The University of Waterloo ECE Machine Learning Lab (UWECEML) carries out work on a variety of topics within Artificial Intelligence and Machine Learning with a focus on using real world problems to discover computationally hard problems of modelling uncertainty, learning predictive models and enabling decision making. Below are some of the topics, domains and concepts of ongoing and prior work in the lab.
Convolutional Neural Networks (CNNs) are a type of multi-stage, deep neural network which use alternating layers of convolutions, to correlate nearby points, and pooling, to reduce the data size to encourage abstraction. We are exploring the ability of CNNs to perform more powerful reasoning in spatiotemporal domains like forest fire management and brain imaging.
Anomaly detection is the problem identifying within a given dataset a collect of events or datapoints that lie outside the “normal” behaviour for the system.

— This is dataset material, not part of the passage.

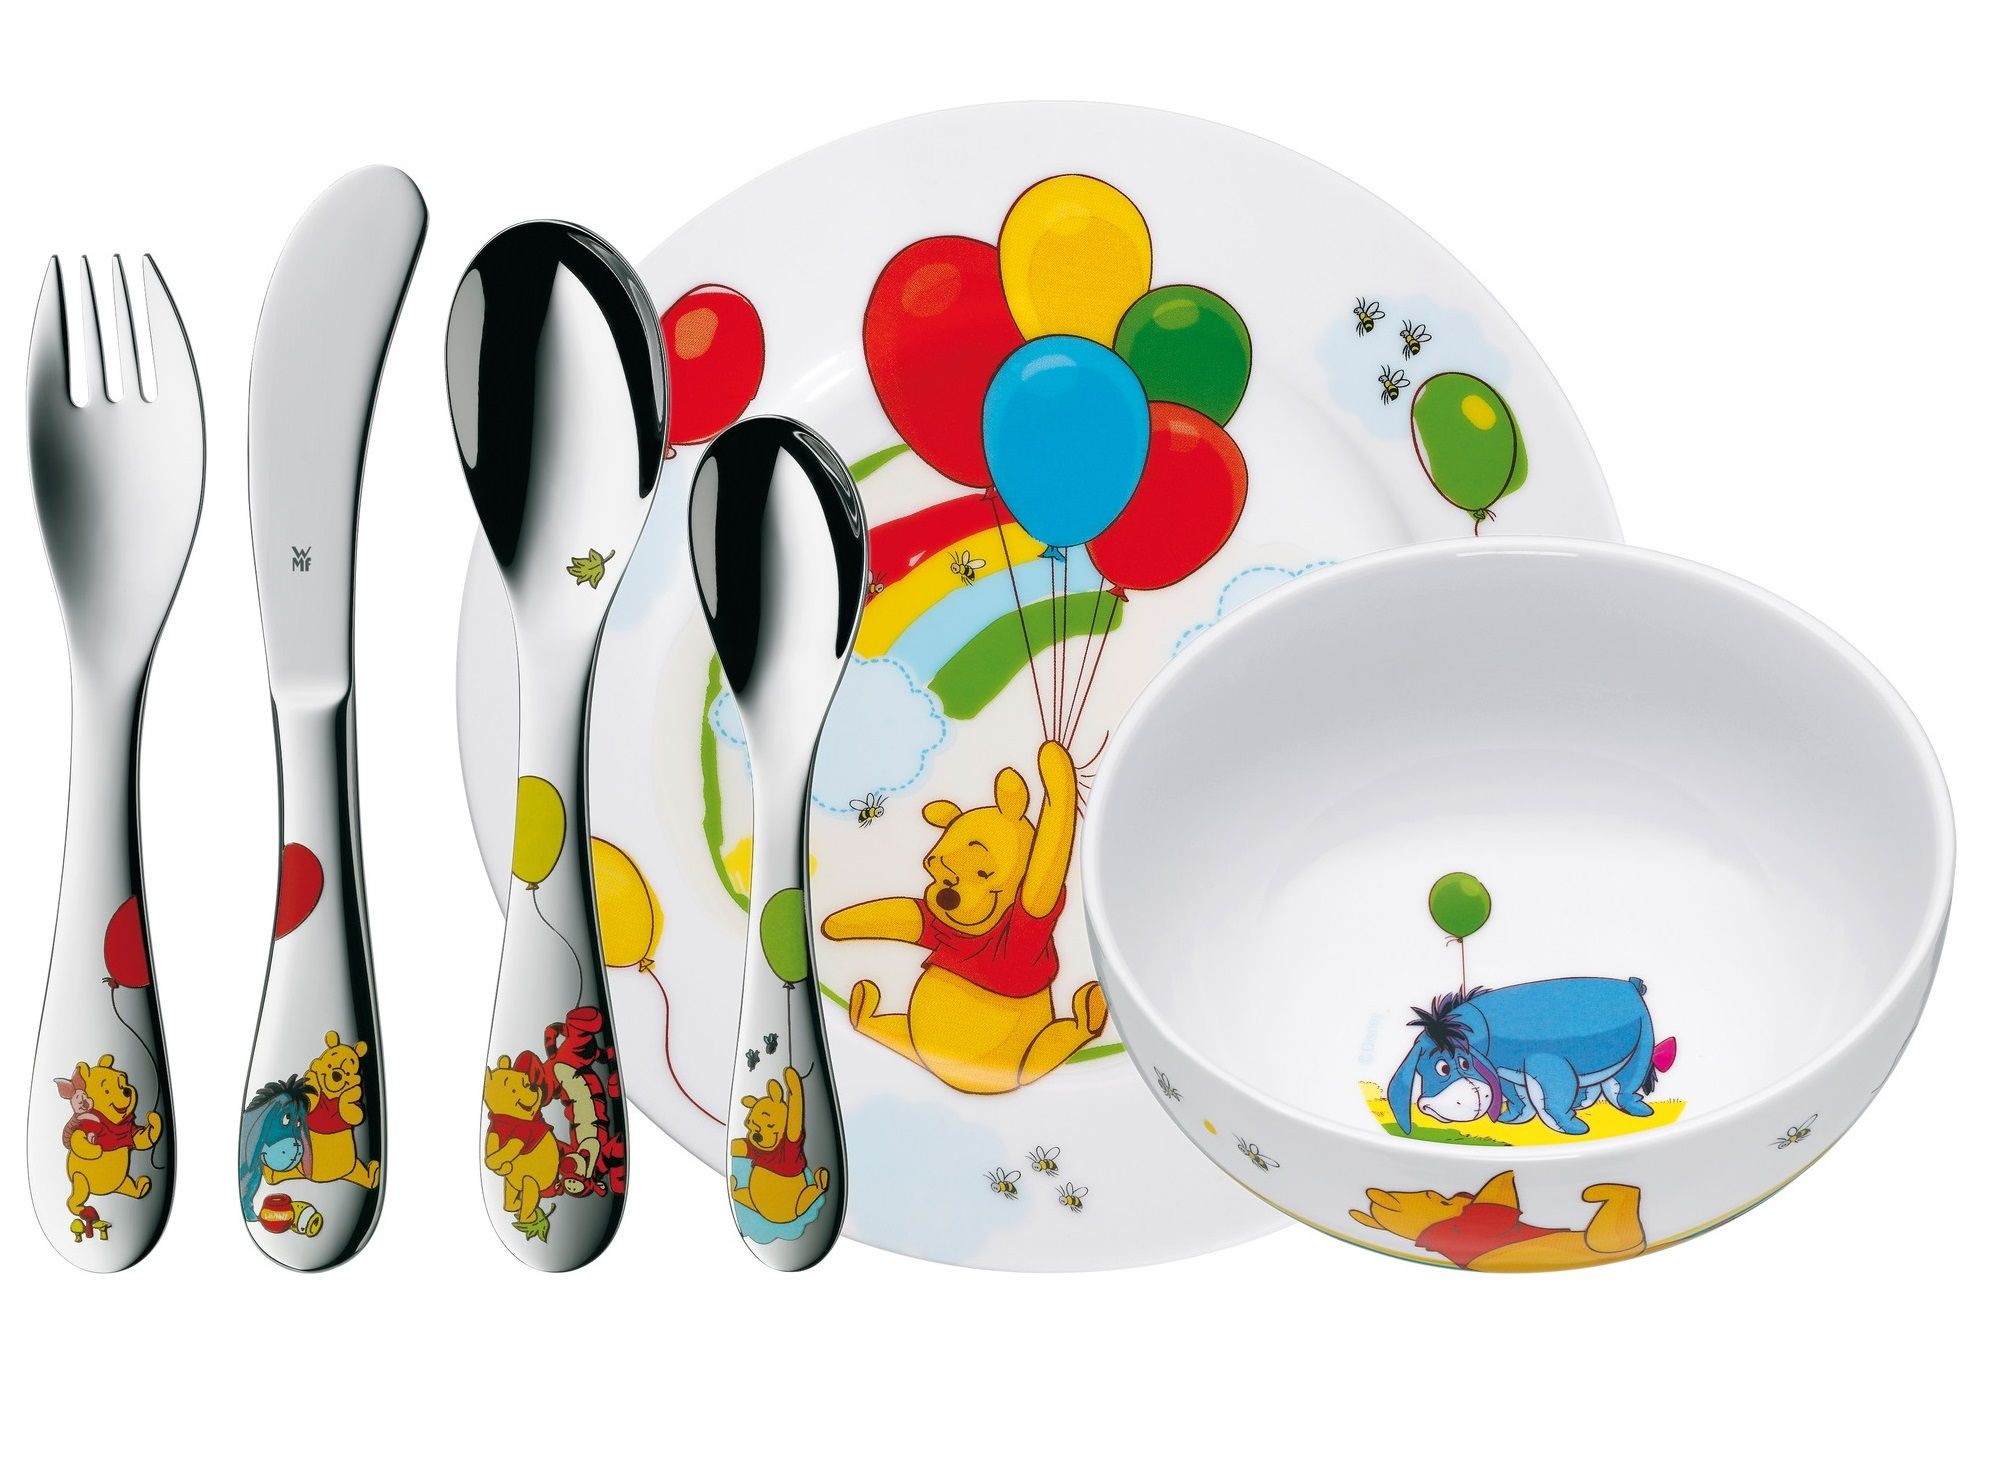 WMF Kinderbestek Kids Disney Winnie de Poeh 6-Delig

This is similar to outlier detection in regression analysis and can be thought of as a two class, unsupervised clustering problem where one class contains normal datapoints and the other contains the anomalies. We may know something about the anomalies ahead of time or, more often, we will need to learn to identify them by their rarity or their dissimilarity with the vast majority of normal datapoints. In the driving domain the most important anomalies are unsafe driving situations.
In computational sustainability problems in ecology, climate science, migration modelling and forest management an important class of anomalous situations are catastrophic changes to the system. These could be very large forest fires which reach a destructively high temperature; or they could be a widespread increase in mortality or fertility in plants or fish; or it could be an average yearly temperature beyond an historical threshold. In all these cases the catastrophic event could be recognized as an anomaly when looking back on the data, but looking forward we would need to predict the imminent change in class or state that results in the anomaly. This problem of predictive clustering and catastrophe detection/prediction is one of the longer terms goals of my research in several areas.

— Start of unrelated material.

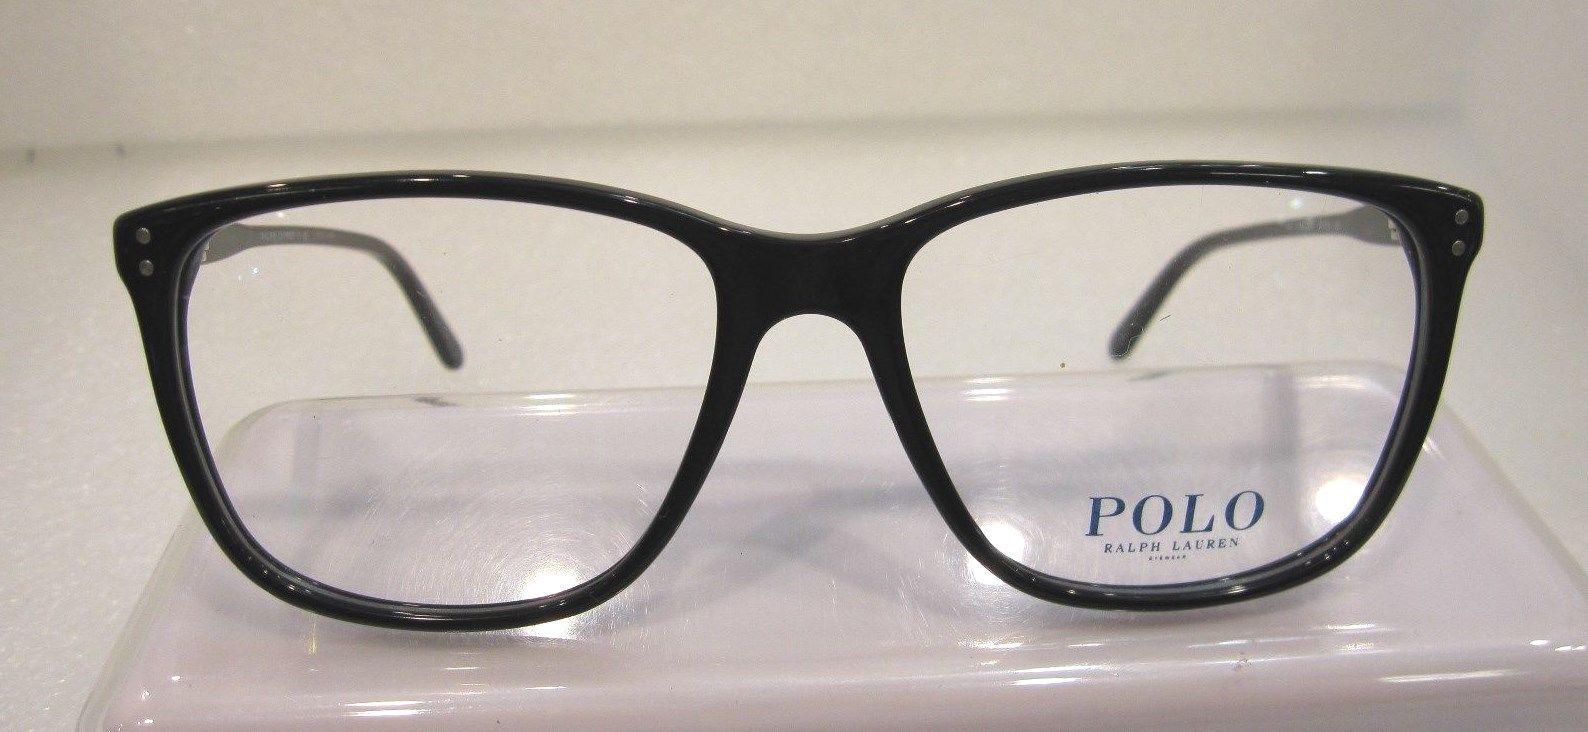 ralph lauren eyeglasses online store - Eyeglasses Online Store

Optimization and Decision Making Under Uncertainty
This includes work on Reinforcement Learning using direct policy search as well as exact solution to Markov Decision Processes with confidence bounds particularly in complex domains especially when there are vary large state and action spaces. A wide range of optimization algorithms have been developed that are each appropriate in different types of problems. Equilibrium Policy Gradients utilize a parametrized policy defined as the equilibrium distribution of a Markov chain built from local causal policies. We have used this algorithm to deal with the complexity caused by spatial structure common in computational sustainability domains. There is also work on MDP planning algorithms with provable confidence intervals upon completion and other Reinforcement Learning approaches.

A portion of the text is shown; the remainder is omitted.